This is the most PyTorch-like path in the framework: direct, explicit, and easy to modify for experiments.

Preset-first

This is the fastest path when you want a stable baseline or quick model-family switching. You start from:

family presets (pre-configured defaults for a model family, covering protocol, transport, and tool delivery)
harness policies (rules that control how the model harness resolves at runtime)
preset tool builders (pre-assembled tool bundles for common workflows)

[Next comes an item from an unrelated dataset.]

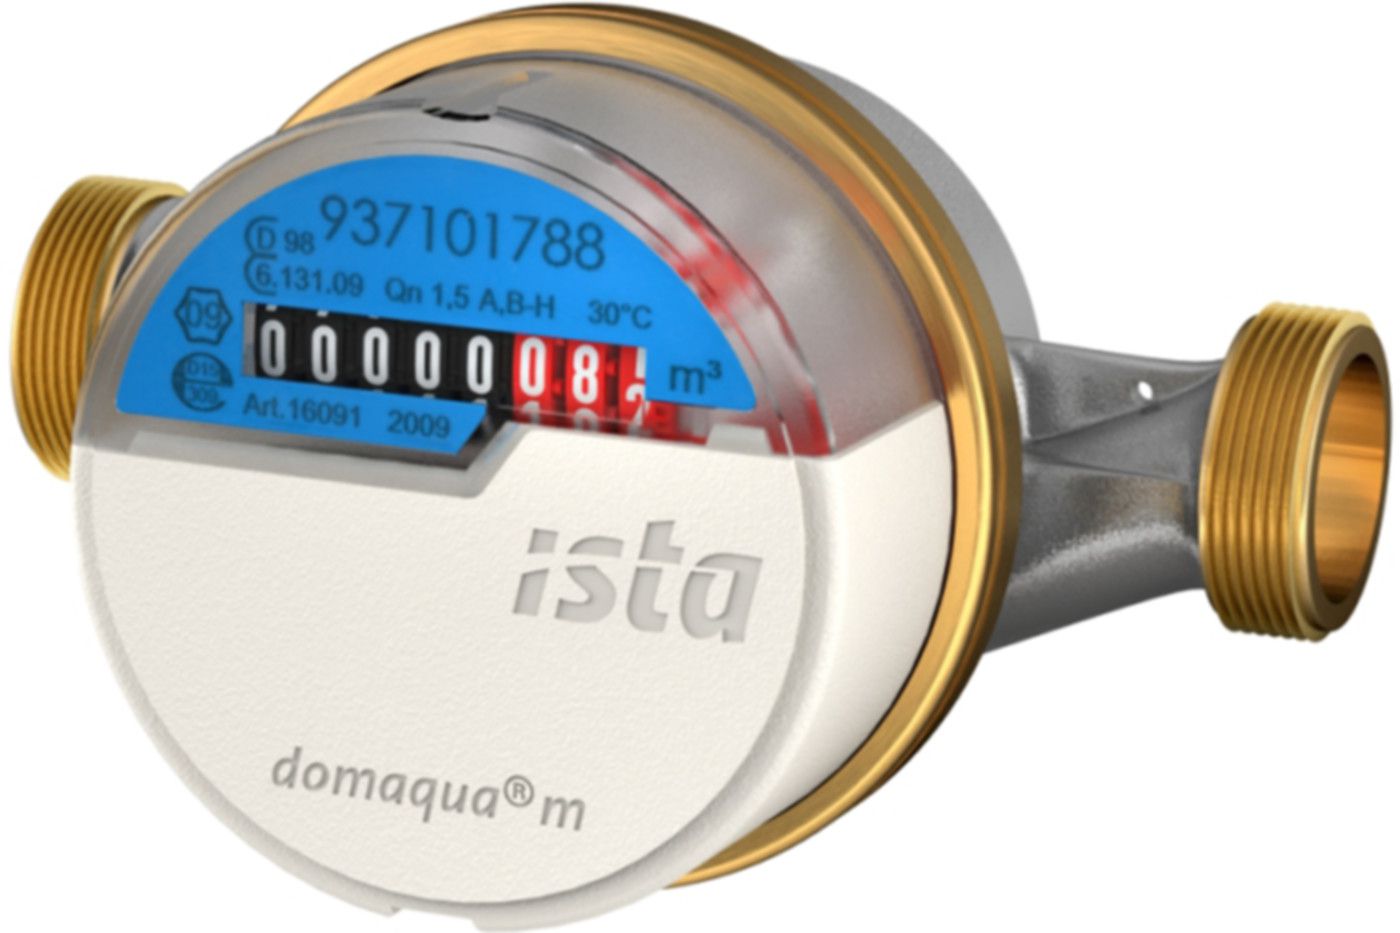 Aufputzzähler Domaqua m DN 15 1/2" G 3/4" - 110 mm warm 2.5 m3/h  16095 - ISTA - Wärme- / Wasserzähler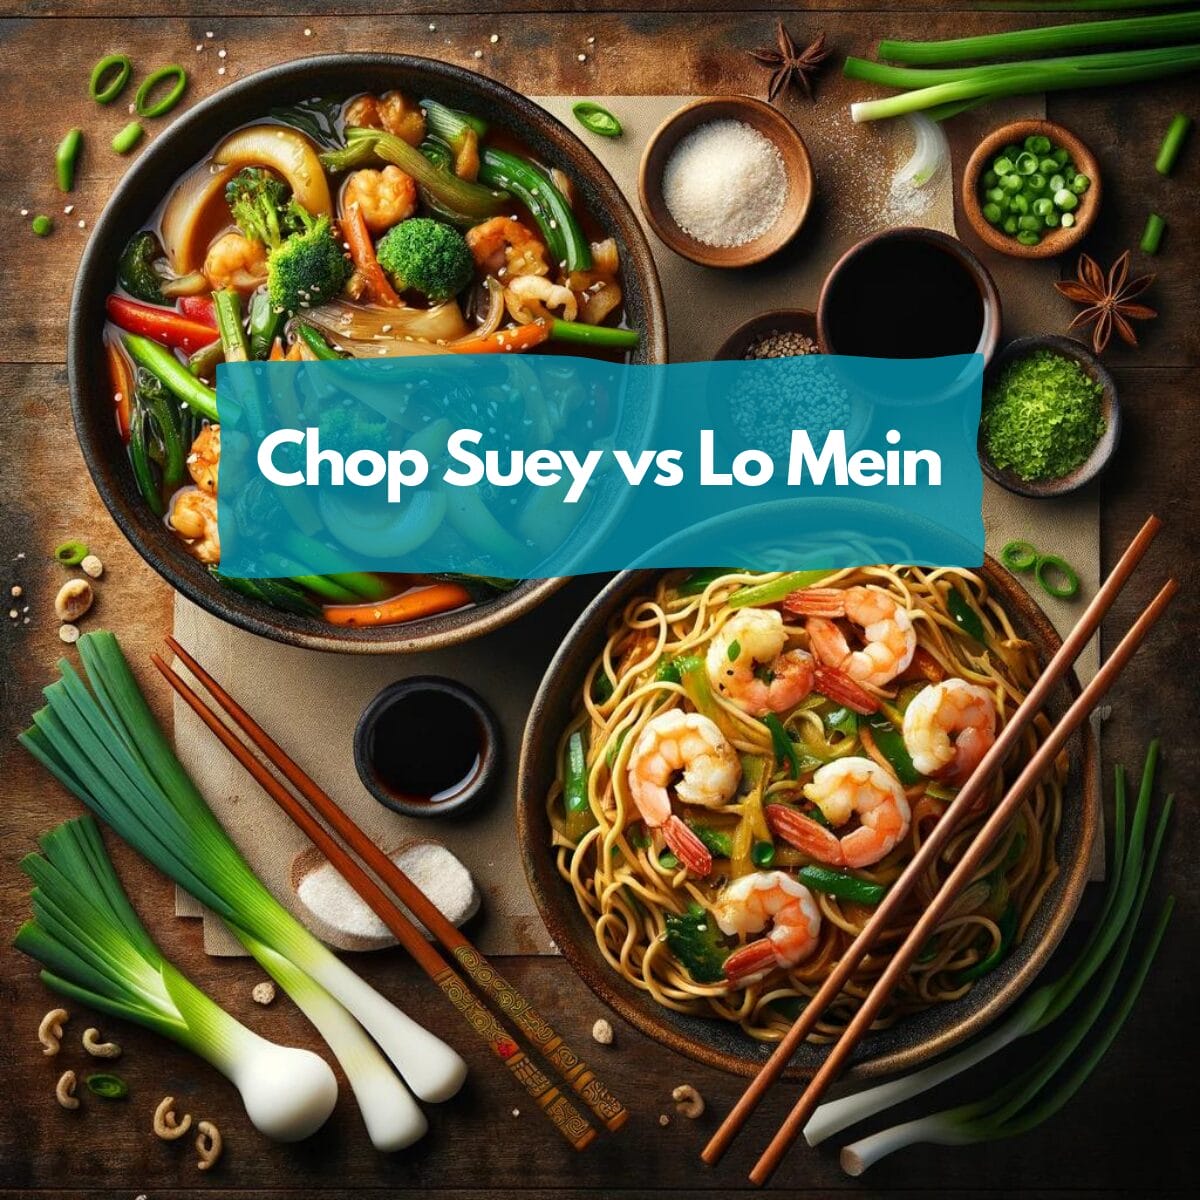 Chop suey vs lo mein

This path is especially useful when one agent should switch across Qwen, Kimi, MiniMax, gpt-oss, and Gemma 4 without rewriting the agent.

Who QitOS is for

QitOS is built for three kinds of practitioners:

Researchers — prototype ReAct, PlanAct, Tree-of-Thought, Reflexion, and new agent methods, then diff, replay, and publish the runs.
Agent builders — build tool-using agents on a stable execution loop, instead of piling framework glue code on top of raw LLM calls.
Evaluators — run GAIA, Tau-Bench, and CyBench workflows on the same kernel you use in product agents, so benchmark results actually transfer to real use.

Key capabilities

Reproducible runs

Every QitOS run writes a manifest.json, events.jsonl, and steps.jsonl to a local run directory. The manifest captures the model ID, prompt hash, config hash, seed, and tool manifest (the serialized description of all tools available to the run) — everything you need to reproduce or compare runs exactly.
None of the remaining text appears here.